PolyArray compresses a uint32 array with overall trend by describing the trend with a polynomial, e.g., to store a sorted array is very common in practice. Such as an block-list of IP addresses, or a series of var-length record position on disk.

E.g. a uint32 costs only 5 bits in average in a sorted array of a million number in range [0, 1000*1000].

In addition to the unbelievable low memory footprint, a `Get` access is also very fast: it takes only 10 nano second in our benchmark.

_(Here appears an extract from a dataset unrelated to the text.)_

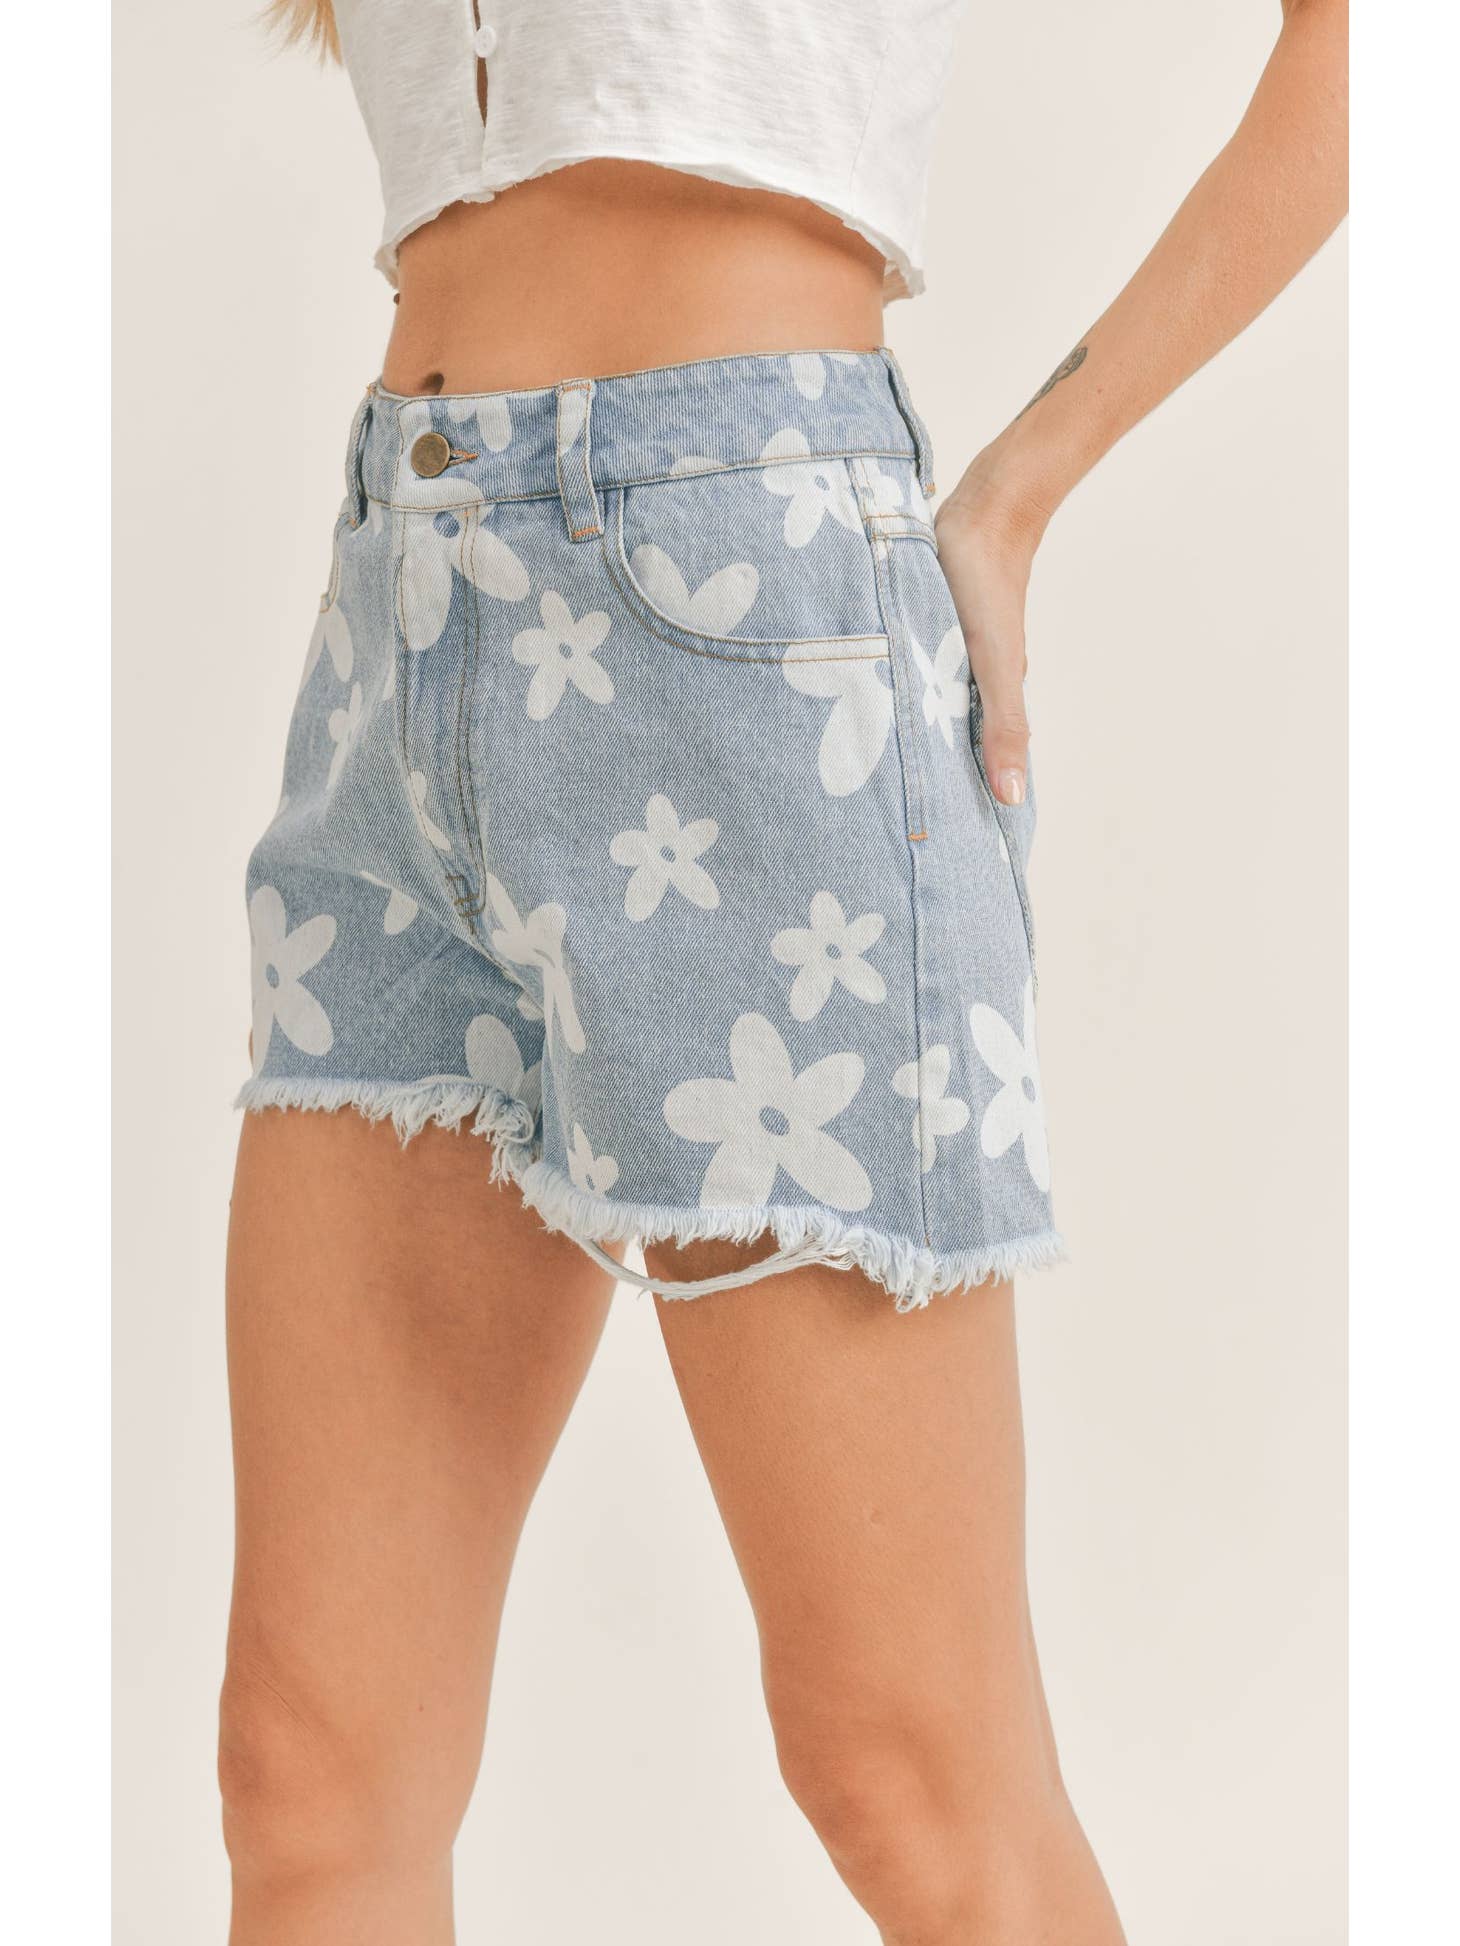 Flower Child Distressed Denim Shorts
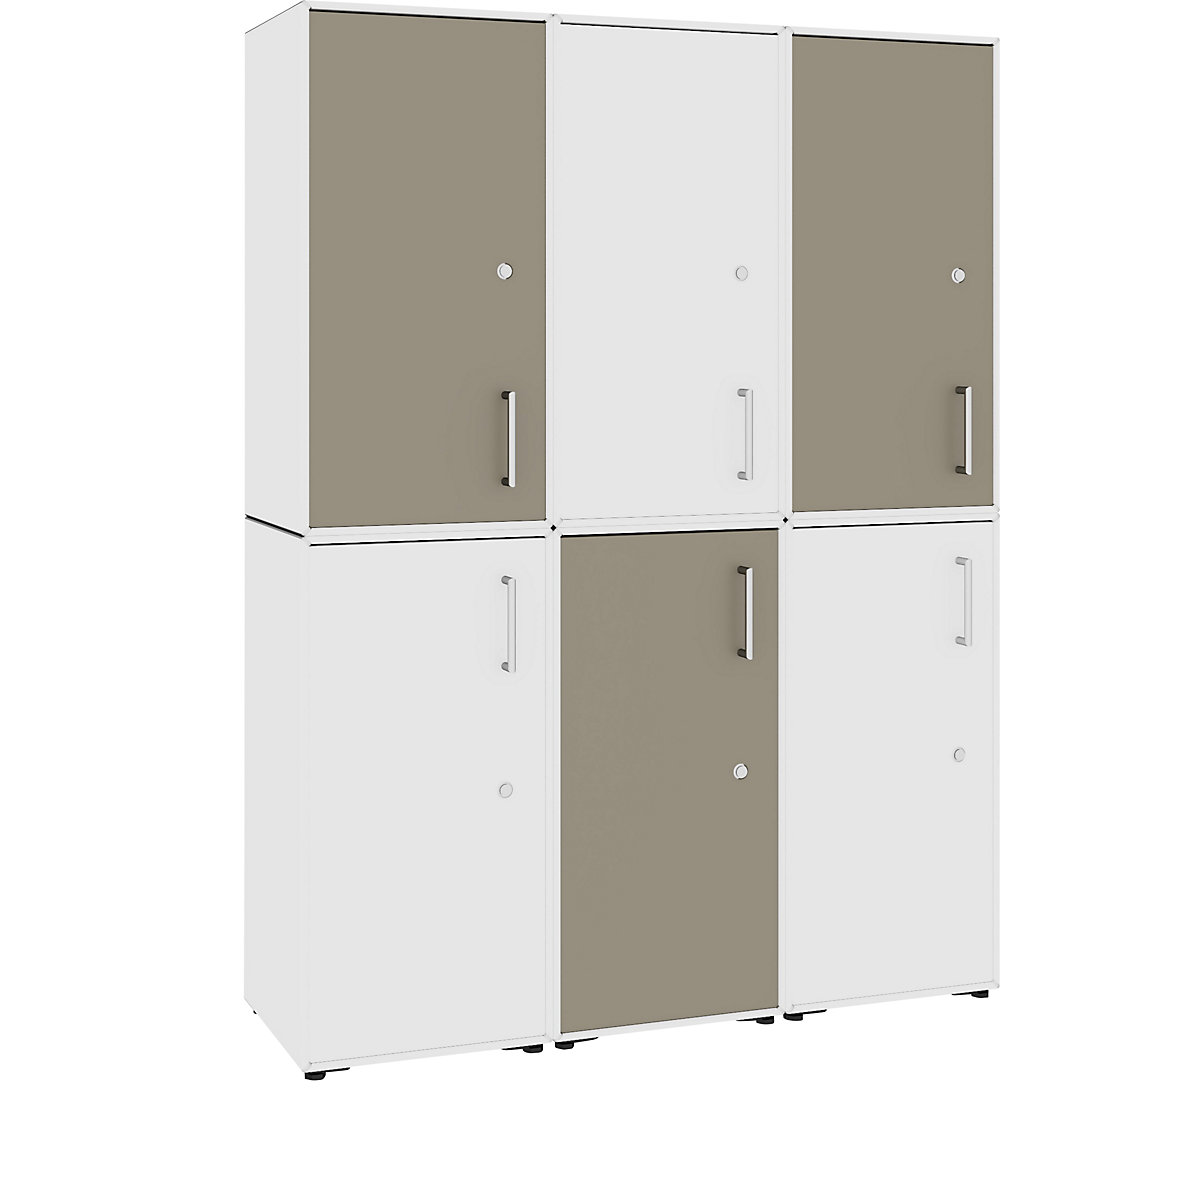 Combinación de puertas batientes – mauser, 6 puertas, detrás de cada una 2 compartimentos, blanco puro / gris beige-6

PolyArray is also ready for transport since it is defined with protobuf. E.g.:

a := polyarray.NewPolyArray([]uint32{1, 2, 3})
bytes, err := proto.Marshal(a)

Since 0.1.1

Example
package main

import (
	"fmt"

	"github.com/openacid/polyarray"
)

func main() {

	nums := []uint32{
		0, 16, 32, 48, 64, 79, 95, 111, 126, 142, 158, 174, 190, 206, 222, 236,
		252, 268, 275, 278, 281, 283, 285, 289, 296, 301, 304, 307, 311, 313, 318,
		321, 325, 328, 335, 339, 344, 348, 353, 357, 360, 364, 369, 372, 377, 383,
		387, 393, 399, 404, 407, 410, 415, 418, 420, 422, 426, 430, 434, 439, 444,
		446, 448, 451, 456, 459, 462, 465, 470, 473, 479, 482, 488, 490, 494, 500,
		506, 509, 513, 519, 521, 528, 530, 534, 537, 540, 544, 546, 551, 556, 560,
		566, 568, 572, 574, 576, 580, 585, 588, 592, 594, 600, 603, 606, 608, 610,
		614, 620, 623, 628, 630, 632, 638, 644, 647, 653, 658, 660, 662, 665, 670,
		672, 676, 681, 683, 687, 689, 691, 693, 695, 697, 703, 706, 710, 715, 719,
		722, 726, 731, 735, 737, 741, 748, 750, 753, 757, 763, 766, 768, 775, 777,
		782, 785, 791, 795, 798, 800, 806, 811, 815, 818, 821, 824, 829, 832, 836,
		838, 842, 846, 850, 855, 860, 865, 870, 875, 878, 882, 886, 890, 895, 900,
		906, 910, 913, 916, 921, 925, 929, 932, 937, 940, 942, 944, 946, 952, 954,
		956, 958, 962, 966, 968, 971, 975, 979, 983, 987, 989, 994, 997, 1000,
	}

	a := polyarray.NewPolyArray(nums)

	fmt.Println("last elt is:", a.Get(int32(a.Len()-1)))

	st := a.Stat()
	for _, k := range []string{
		"elt_width",
		"mem_elts",
		"bits/elt"} {
		fmt.Printf("%10s : %d\n", k, st[k])
	}

}
Output:

last elt is: 1000
 elt_width : 3
  mem_elts : 112
  bits/elt : 14

func NewPolyArray

func NewPolyArray(nums []uint32) *PolyArray

NewPolyArray creates a "PolyArray" array from a slice of uint32.

Since 0.1.1

func (*PolyArray) Descriptor

func (*PolyArray) Descriptor() ([]byte, []int)

func (*PolyArray) Get

func (m *PolyArray) Get(i int32) uint32

Get returns the uncompressed uint32 value. A Get() costs about 10 ns

Since 0.1.1

func (*PolyArray) GetBitmap

func (m *PolyArray) GetBitmap() []uint64

func (*PolyArray) GetConfigs

func (m *PolyArray) GetConfigs() []int64

func (*PolyArray) GetN

func (m *PolyArray) GetN() int32

func (*PolyArray) GetPolynomials

func (m *PolyArray) GetPolynomials() []float64

func (*PolyArray) GetResiduals

func (m *PolyArray) GetResiduals() []uint64

func (*PolyArray) Len

func (m *PolyArray) Len() int

Len returns number of elements.

Since 0.1.1

func (*PolyArray) ProtoMessage

func (*PolyArray) ProtoMessage()

func (*PolyArray) Reset

func (m *PolyArray) Reset()

func (*PolyArray) Stat

func (m *PolyArray) Stat() map[string]int32

Stat returns a map describing memory usage.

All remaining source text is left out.